Die Kolchische Tiefebene erstreckt sich halbbogenförmig bis zur Küste des Schwarzen Meeres. Sie wird flankiert von den Höhenzügen des Surami/Meßchetischen Gebirges. Das Klima in dieser Region ist subtropisch, mit warmen, mitunter auch heißen Sommern, milden Wintern und häufig fallenden Niederschlägen.
In der Vergangenheit waren die Flussniederungen der Kolchischen Tiefebene von Urwald und Sümpfen bedeckt. Daraus wurde in den 20er Jahren des 20. Jahrhunderts eine Agrarlandschaft, als der Rioni und seine Nebenflüsse eingedeicht und die Sümpfe trockengelegt wurden. Hier gedeihen Zitrusfrüchte, Feigen, Walnüsse, Granatäpfel, Aprikosen, Wildpflaumen, Mais, Wein und Tee. Wichtig ist ebenfalls der Weinanbau, der hier ebenerdig in großen Plantagen erfolgen kann und der einen wichtigen Wirtschaftsfaktor darstellt.
Guria
Die Provinz Guria befindet sich an der Küste des Schwarzen Meeres und den größten Teil dieses Gebietes nimmt das Kolcheti- Tal ein. In die Kreise Osurgeti, Tschochatauri und Lantschchuti gliedert sich Guria auf, in denen insgesamt etwa 170.000 Einwohner leben.

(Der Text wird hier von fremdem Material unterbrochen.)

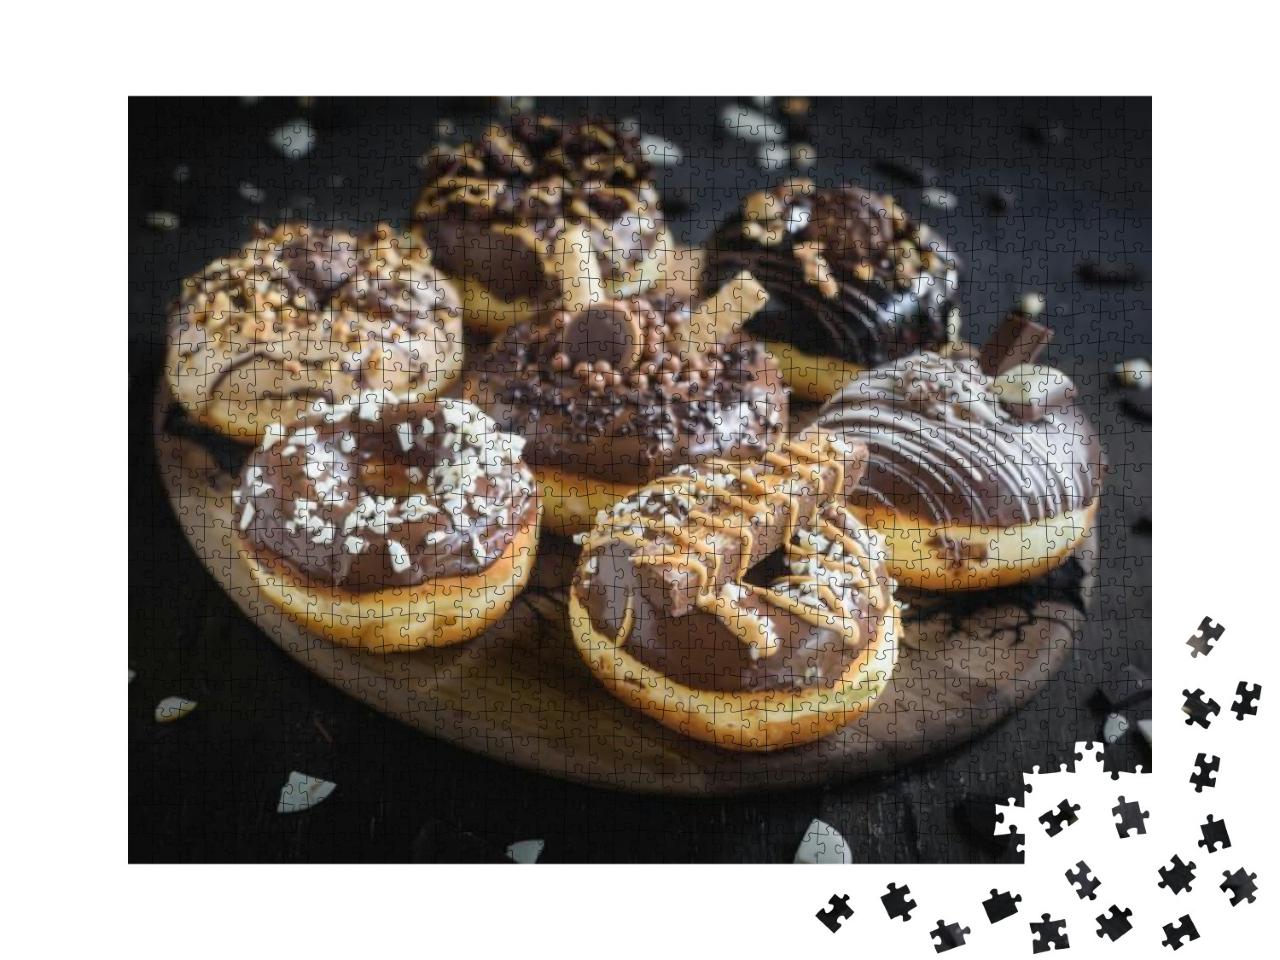 Puzzle 1000 Teile „Verschiedene hausgemachte Schokoladendonuts“

Auf Grund der vorteilhaften geografischen Lage dieser Region sowie des subtropischen Klimas, ist eine enorme landwirtschaftliche Nutzung dieses Gebietes möglich. Hauptsächlich werden Produkte wie Tee, Mais und Zitrusfrüchte aber auch Wein angebaut.

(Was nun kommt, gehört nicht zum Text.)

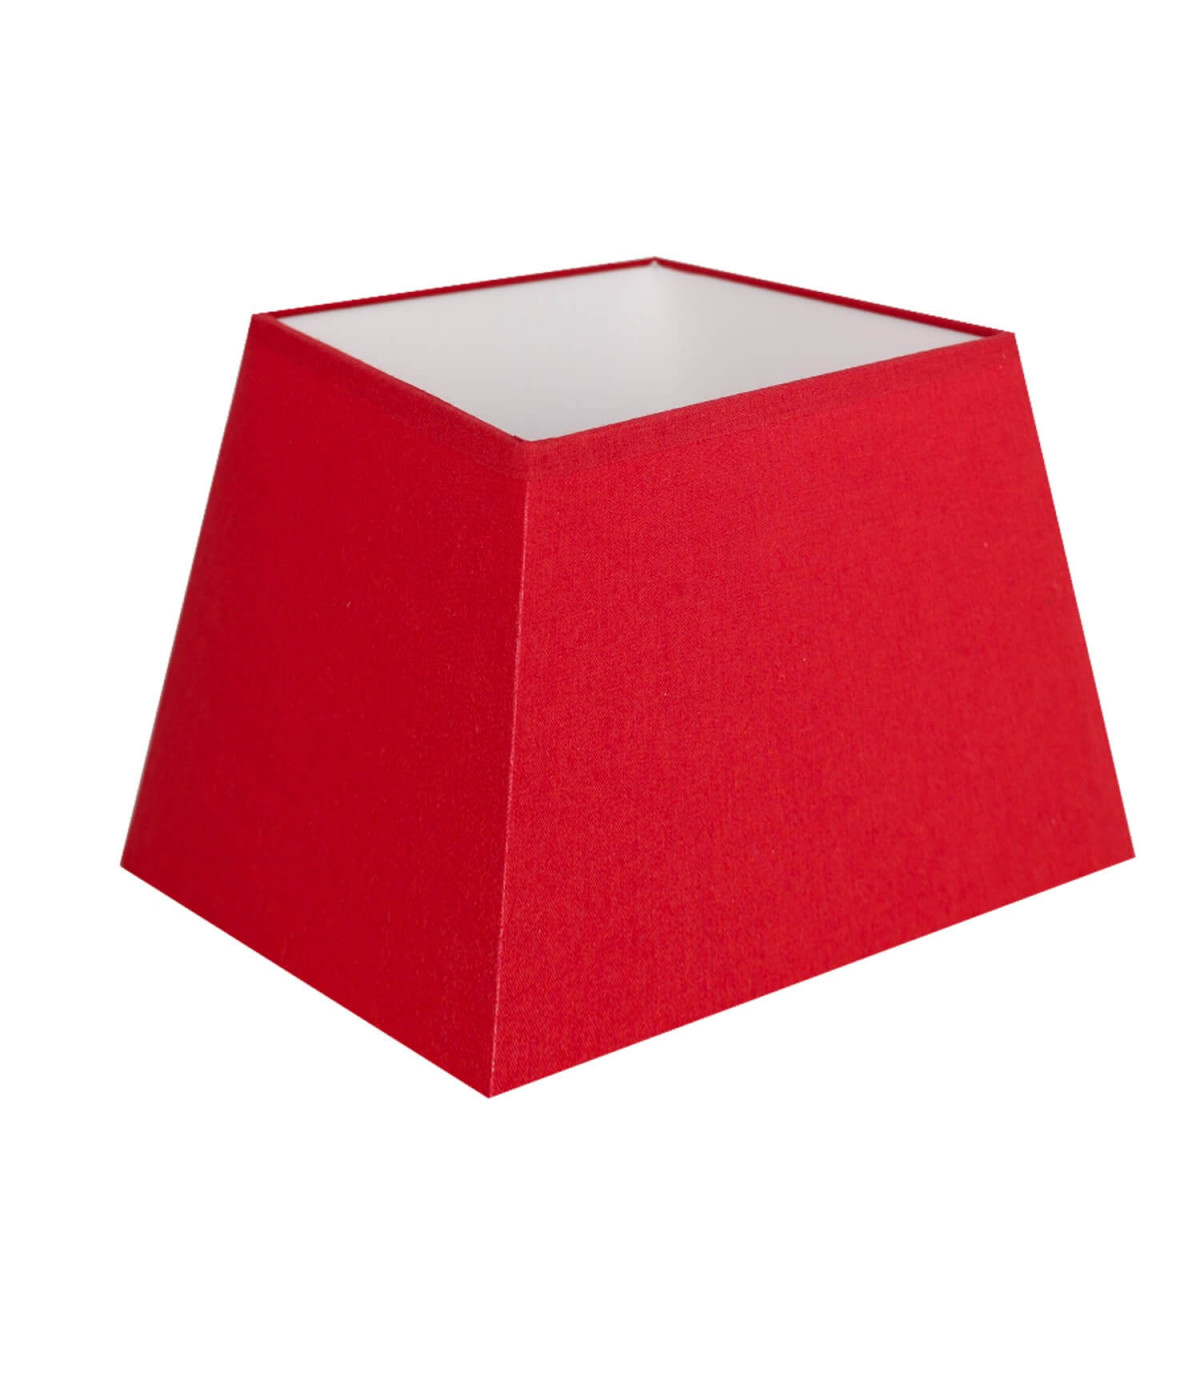 Tonalidade quadrada piramidal vermelha

Ungefähr 45 % der gesamten Fläche von Guria ist von Wäldern, von denen manche sogar unter Naturschutz stehen, bedeckt.
Unter Denkmalschutz stehen 200 der Baudenkmäler aus vergangener Zeit, wie in weiteren Teilen des Landes mit seinen rund 4000 historischen Bauten.

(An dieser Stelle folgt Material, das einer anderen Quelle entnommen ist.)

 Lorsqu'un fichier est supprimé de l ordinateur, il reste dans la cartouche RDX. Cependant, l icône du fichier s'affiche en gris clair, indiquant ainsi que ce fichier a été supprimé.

Aus dieser Provinz stammen zahlreiche bekannte intellektuelle und künstlerische Persönlichkeiten wie z. B. Alexander Tsutsunava und Victor Dolidze. Weitere berühmte Tänzer, Sänger, Schauspieler und Künstler sind z.B. Nodar Dumbadze, Anna Kalandadse und Nino Ramischwili.
Neben den ruhige, idyllischen Badeorten Schekwetili, Ureki und Grigoleti besteht auch die Möglichkeit, in unmittelbarer Nähe des Schwarzen Meeres Wintersport auszuüben. In den fischreichen Flüssen von Guria wie z.B. im Zkali und Gubaseuli haben Sie die Möglichkeit, Angeln zu gehen. Schnee fällt in den Bergen ab dem Monat November, welcher erstklassige Bedingungen zum Skifahren liefert und so können Sie die Pisten hinab sausen.
Samegrelo
Neben Batumi ist heute das an der Mündung des Rioni gelegene Poti die bedeutendste Hafenstadt des Landes Georgiens. Fluss und Stadt sind aus der antiken Überlieferungen als Phasis bekannt. Phasis war eine wichtige Handelsstadt an der Seidenstraße. m 3. Jahrhundert v. Chr. wurde an dieser Stelle die bekannte Kolchische Akademie gegründet. Es wurde in griechischer sowie georgischer Sprache gelehrt wie z.B. Grammatik, Philosophie, Arithmetik und Rhetorik. Das alte Poti verschwand mit dem Lauf der Zeit im Sumpf des Rioni- Deltas. Die sumpfige Ebene im Tiefland verwandelte sich Mitte des 20. Jahrhunderts in eine herrlich bunt blühende Landschaft. Am Paliastomi- See, der sich in der Nähe von Poti befindet, existiert heute ein Naturschutzgebiet.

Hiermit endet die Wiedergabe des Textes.